As is seen by comparing the exponential fits with the moving averages, the trends here are less clear. Europe and the Balkans and to a lesser extent Russia have been pretty stable since upgrading the links from say 45 to 155, 622 or 2400 or 10,000 Mbps implying that for high speed links, the actual link speeds have a small effect on the minimum RTT, the main effect being the distance. Central Asia on the other hand has been stuck with geo-stationary satellites and so little change is seen for it. The minimum RTT for Africa is partly increasing since we are extending the monitoring to reach more distant countries and more countries with satellite links. South Asia has been gradually upgrading the links within and outside the countries. Also, as is evident from the year 2000 minimum RTT map in Fig 9 below, India and Pakistan have moved from satellite to fiber optics, resulting in a decline in the minimum RTT values. Latin America took a huge step down in RTT at the end of 1999 going from mainly satellite (>500ms) to 200ms (i.e. mainly landlines). S.E. Asia looks like a gradual improvement.

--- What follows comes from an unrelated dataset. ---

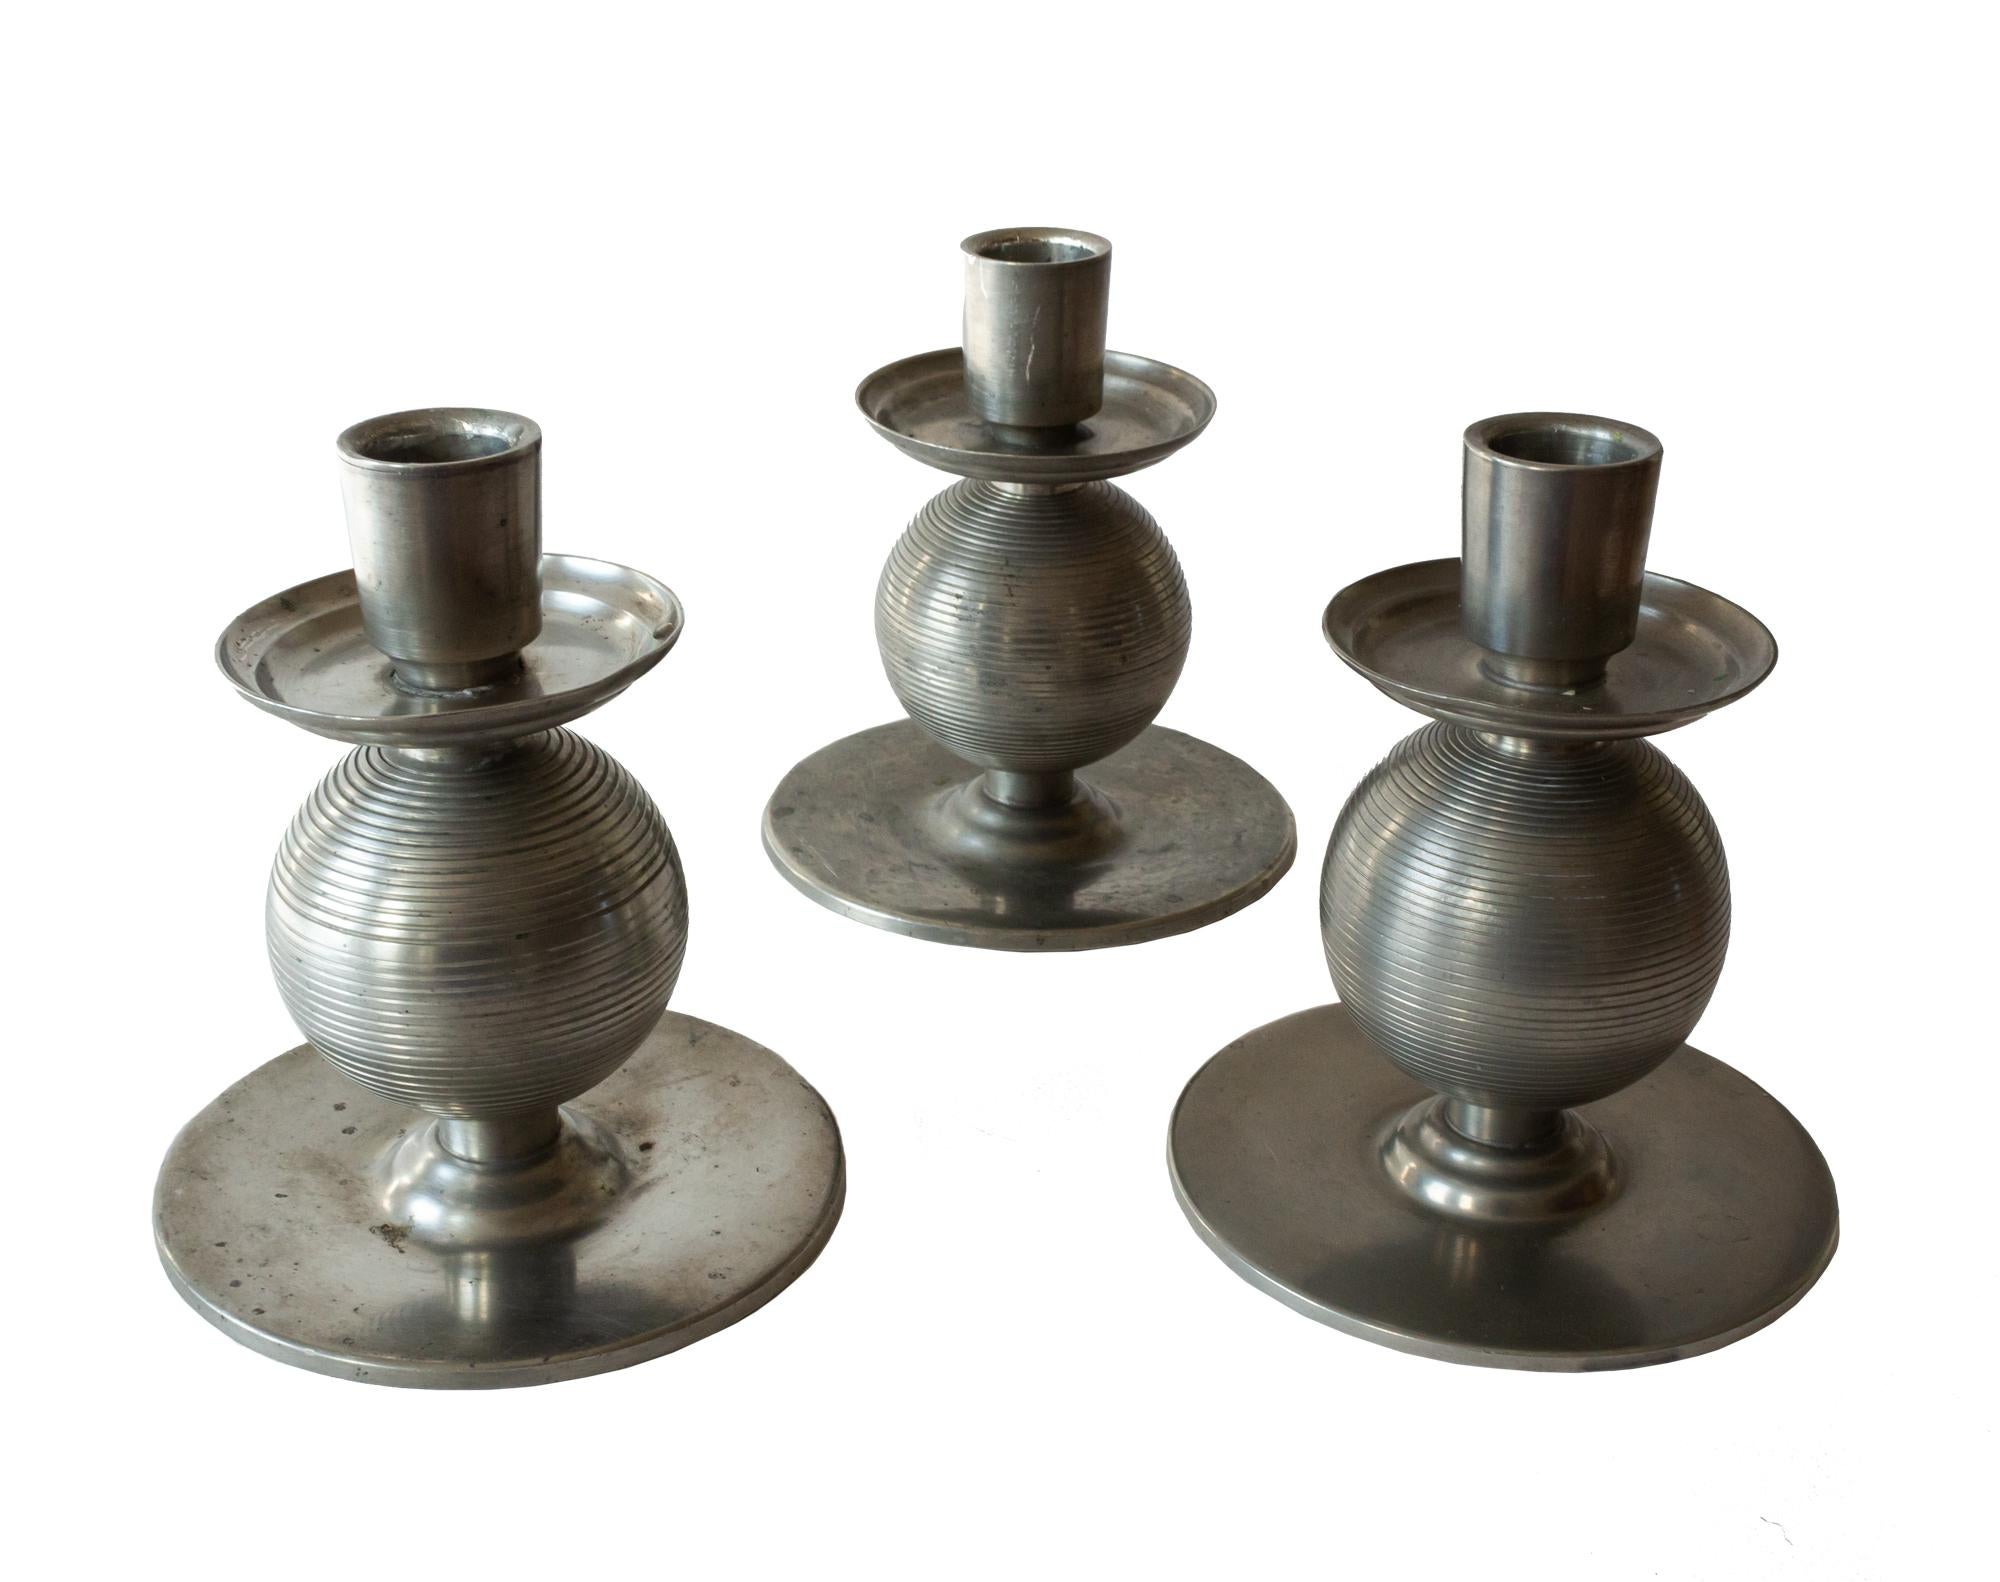 Three elegant, functionalist Art Deco pewter candlesticks by Nils Fougstedt made 1937. Embossed stripes around the sphere. Signed and stamped Nils Fougstedt and FAK, L8, Svenskt Tenn. Measures: Height 13.5, sphere 6, and the base 12 cm.
In 1924,

Fig. 9 shows the RTT from the U.S. to the world in January 2000 and December 2005. It also indicates which countries of the world contain sites that were monitored (in the Jan 2000 map countries in green are not monitored, in the Dec 2005 apart from the US unmonitored countries are left white).

Figure 9: December 05 comparison of Minimum RTT with 2003 and 2000 results

 

It is seen that the number of countries with satellite links (> 600ms RTT or dark red) has decreased markedly in the 6 years shown. Today satellite links are used in places where it is hard or unprofitable to pull terrestrial-lines (typically fibers) to. Barring a few countries in Central and Eastern Africa, Bangladesh and Nepal most of the countries being monitored by PingER now have optical fiber connectivity. The Eastern Africa Submarine Cable System (EASSy [EASSy]) Project has been established to develop and implement a submarine cable system to provide fibre optic telecommunications facilities to the Eastern coast of Africa. The partners include Botswana, Burundi, Djibouti, Ethiopia, Kenya, Madagascar, Mozambique, Rwanda, Somalia, South Africa, Sudan, Zanzibar, Tanzania and Uganda so this could make a big improvement for this area. This cable will also link Northern and Southern African international gateways to the system.

Two interesting examples stand out in this data: Niger and Mali. Both countries have minimum RTTs greater than 600ms, indicating that both these links are satellite. However as seen in Fig. 3, the link loss quality from the US to the sites monitored in these countries is fairly good, with packet loss around 1%. This is much better than most of the South Asia, where the quality of the links are barely acceptable.

Throughput

We also combine the loss and RTT measurements using throughput = 1460Bytes[Max Transmission Unit]/(RTT * sqrt(loss)) from [mathis]. The results are shown in Fig. 10. The orange line shows a ~40% improvement/year or about a factor of 10 in < 7 years.

Figure 10: Derived throughput as a function of time seen from ESnet sites to various regions of the world. The numbers in parentheses are the number of monitoring/remote host pairs contributing to the data. The lines are exponential fits to the data.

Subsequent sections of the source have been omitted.